### EXERCISE DESCRIPTION
Please output exactly the lines below, starting at the line that has "Lithic Technology and" and ending at the line that has "Easter Cake with", both included; leave out all pictures and include nothing else.

-- DATASET EXCERPTS follows --

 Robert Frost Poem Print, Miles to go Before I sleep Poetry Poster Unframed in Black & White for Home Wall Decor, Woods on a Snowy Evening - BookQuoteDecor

-- DATASET EXCERPTS concluded --
-- DATASET EXCERPTS follows --

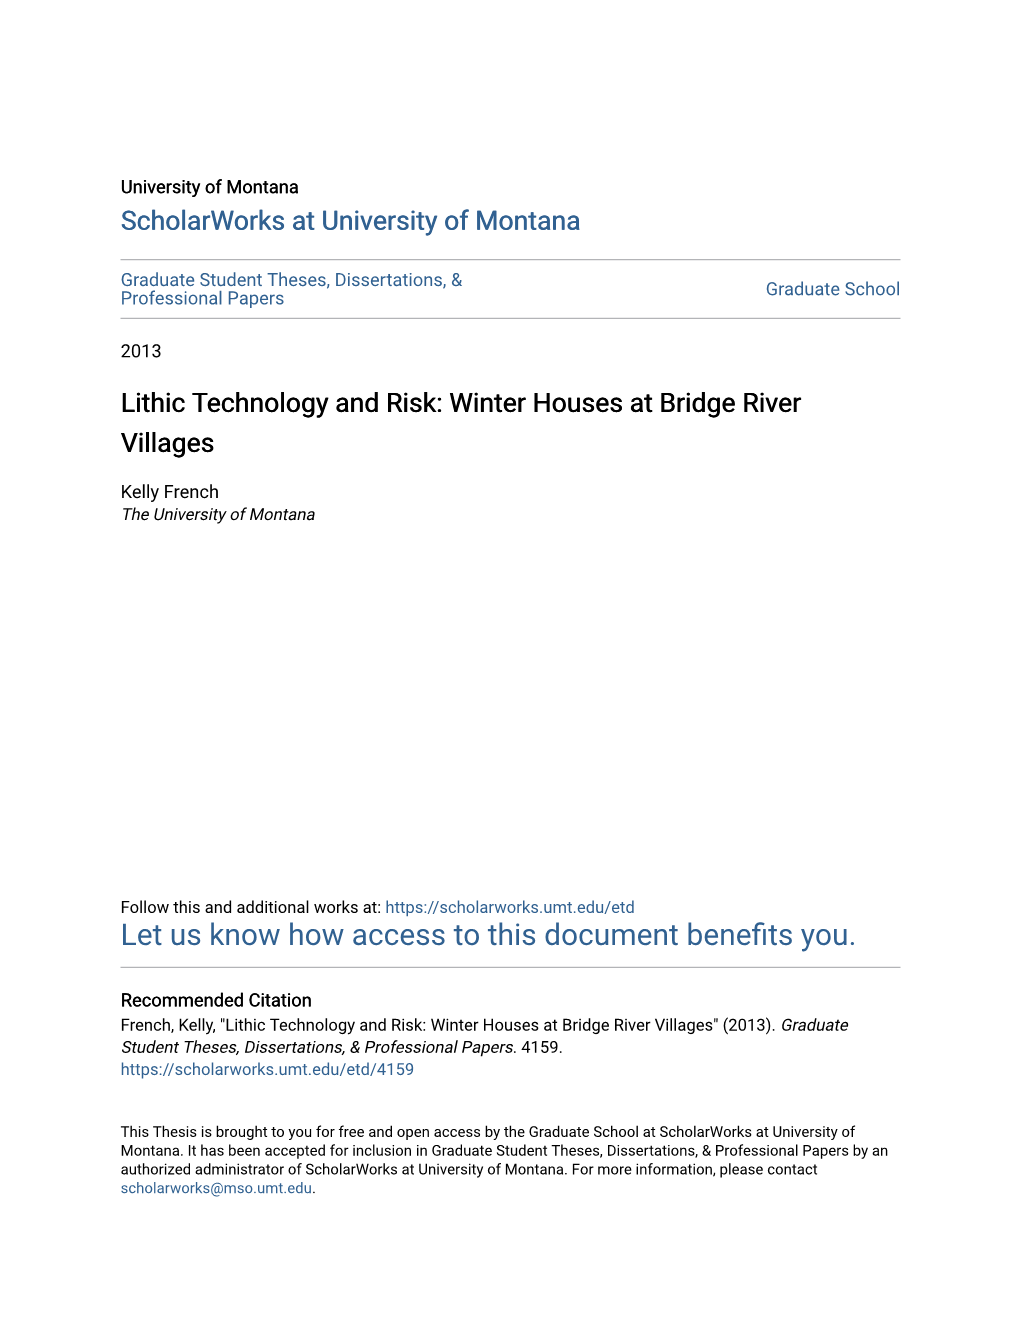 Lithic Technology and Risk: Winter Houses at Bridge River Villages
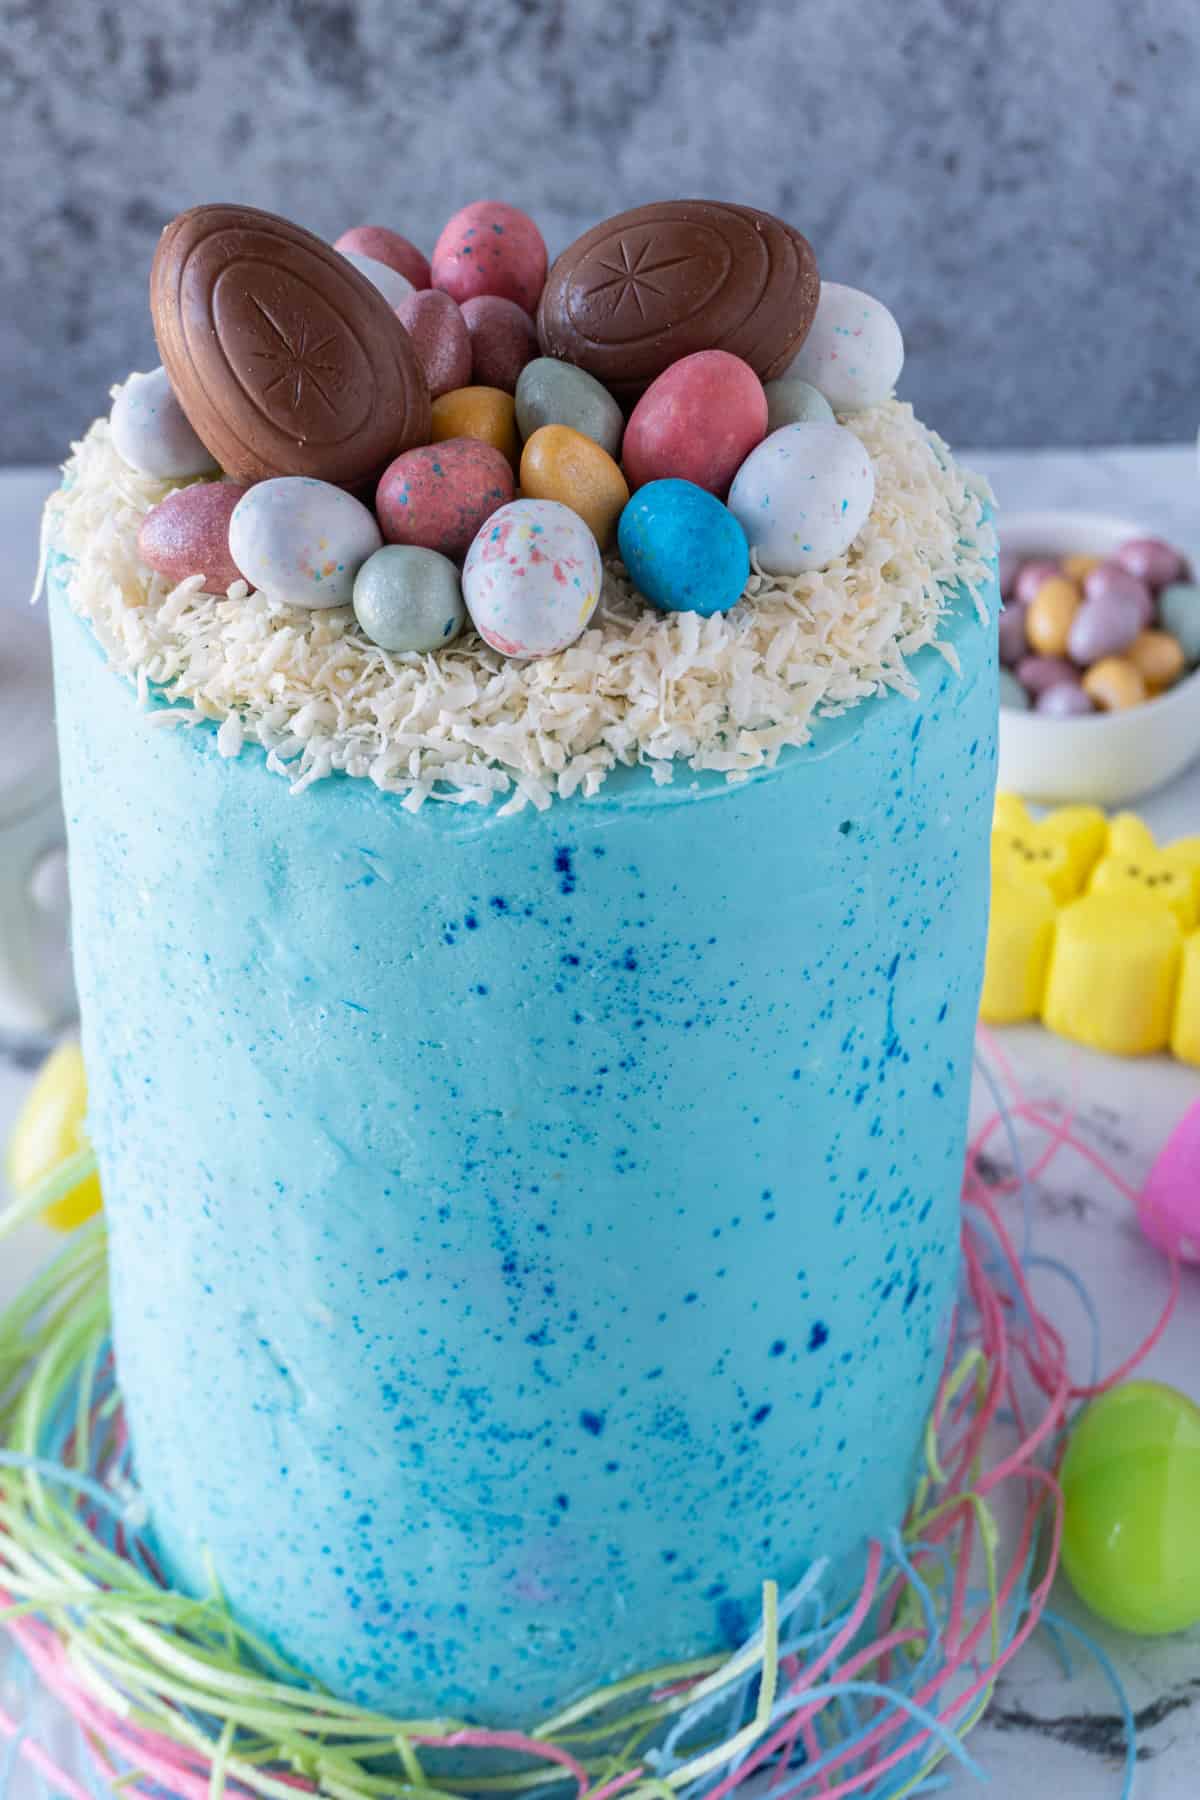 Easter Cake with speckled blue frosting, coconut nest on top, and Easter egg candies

-- DATASET EXCERPTS concluded --

### TASK SOLUTION
 Lithic Technology and Risk: Winter Houses at Bridge River Villages
 Easter Cake with speckled blue frosting, coconut nest on top, and Easter egg candies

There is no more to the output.